5. Il est constant que le mariage de Mme G avec M. C A, un ressortissant français né le 8 mars 1962, a été célébré le 15 mars 2013 à Casablanca (Maroc) et transcrit sur les registres de l'état civil français le 31 août 2020. L'intéressée ne peut, dès lors, se prévaloir des dispositions précitées de l'article L. 423-2 du code de l'entrée et du séjour des étrangers et du droit d'asile. La condition, prévue à l'article 412-1 du même code, tenant à la production d'un visa de long séjour, lui est par conséquent opposable. Or il ressort des pièces du dossier que l'intéressé n'était pas munie d'un tel visa à son entrée sur le territoire le 6 février 2021. Ainsi qu'il le fait valoir dans son mémoire en défense, le préfet de la Loire-Atlantique pouvait, pour ce seul motif, qu'il y a lieu de substituer à ceux énoncés dans l'arrêté litigieux -tenant notamment à l'absence d'éléments probants permettant d'établir l'existence d'une communauté de vie réelle et sérieuse entre les époux- refuser de délivrer à Mme G épouse A un titre de séjour portant la mention " vie privée et familiale " en qualité de conjointe d'un ressortissant français.

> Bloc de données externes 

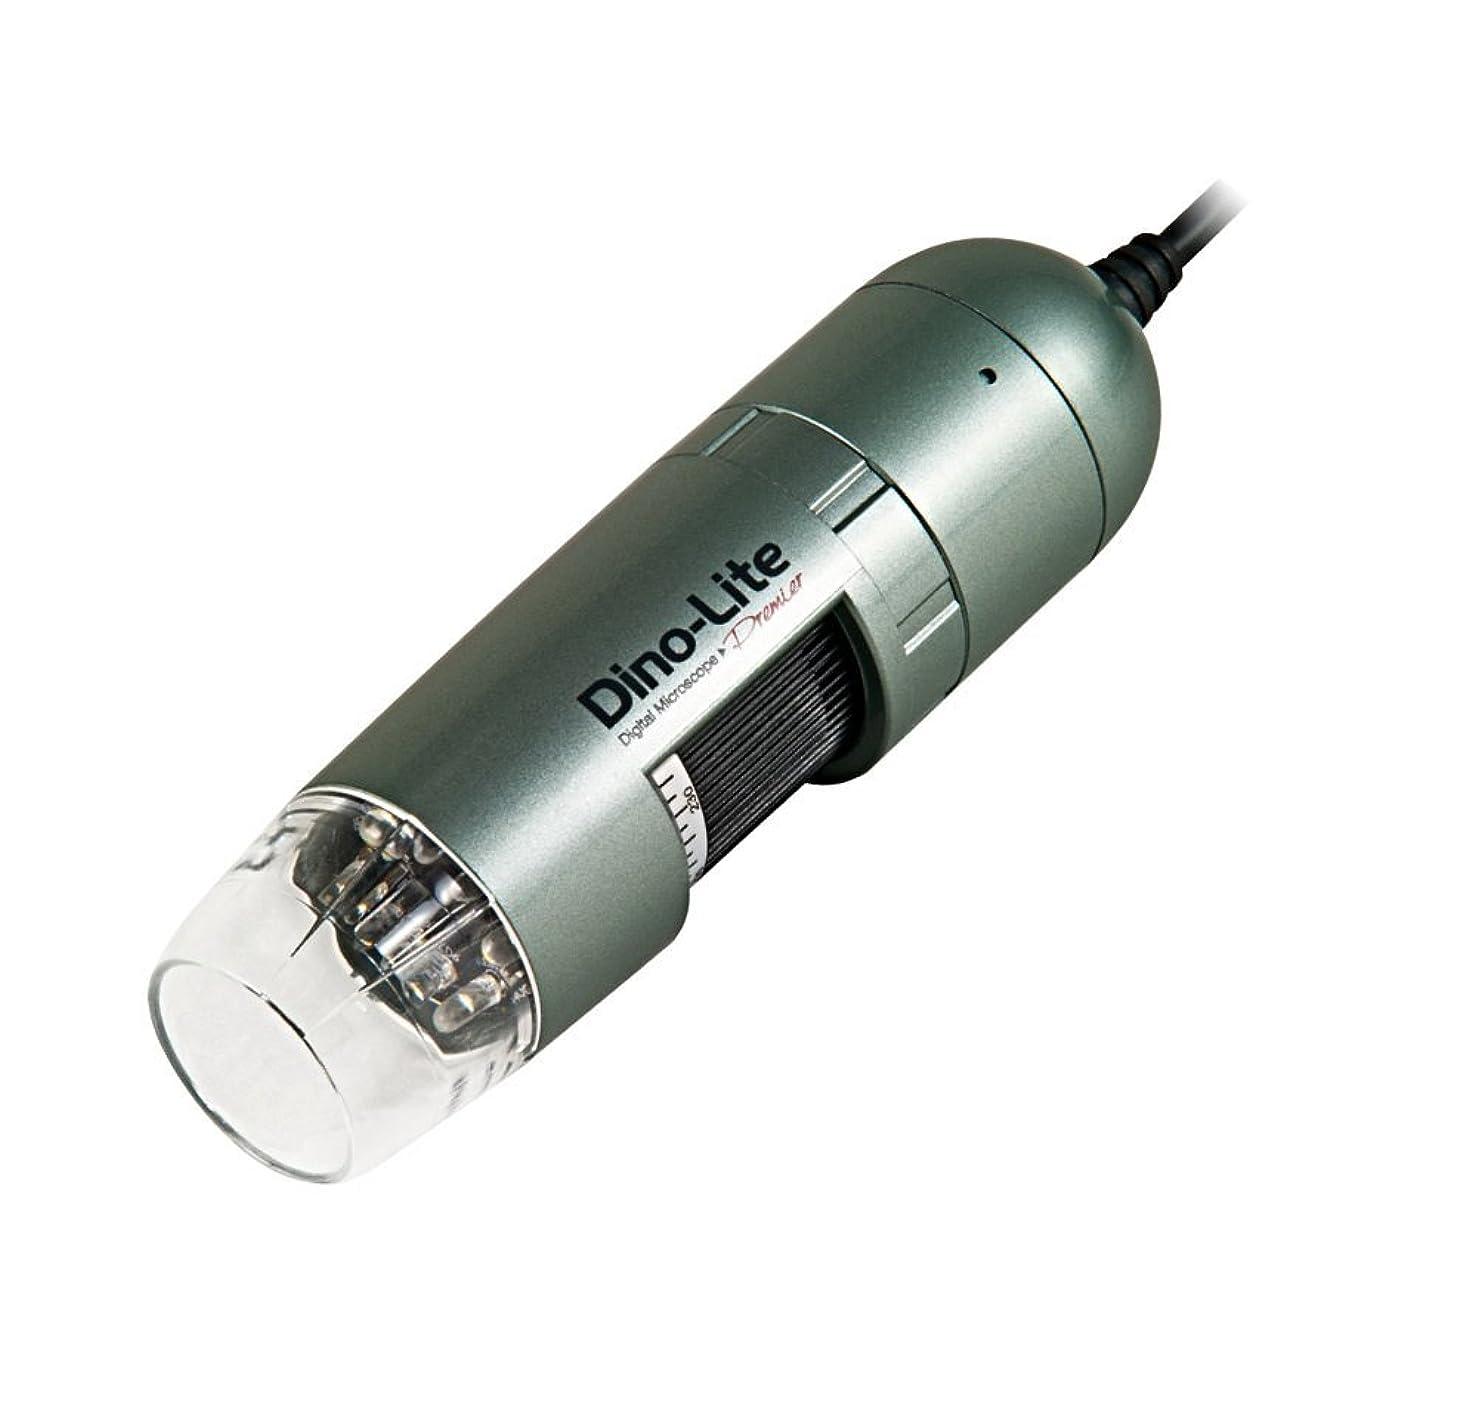 ミリメータークラウド豊富にDino - Lite am3113-10?x - 50?X、230?x?–?ハンドヘルドデジタル顕微鏡?–?640?x 480ピクセル?–?測定ソフトウェア?–?8統合LEDライト

6. En troisième et dernier lieu, aux termes de l'article 8 de la convention européenne de sauvegarde des droits de l'homme et des libertés fondamentales : " 1. Toute personne a droit au respect de sa vie privée et familiale, de son domicile et de sa correspondance. / 2. Il ne peut y avoir ingérence d'une autorité publique dans l'exercice de ce droit que pour autant que cette ingérence est prévue par la loi et qu'elle constitue une mesure qui, dans une société démocratique, est nécessaire à la sécurité nationale, à la sûreté publique, au bien-être économique du pays, à la défense de l'ordre et à la prévention des infractions pénales, à la protection de la santé ou de la morale, ou à la protection des droits et libertés d'autrui ".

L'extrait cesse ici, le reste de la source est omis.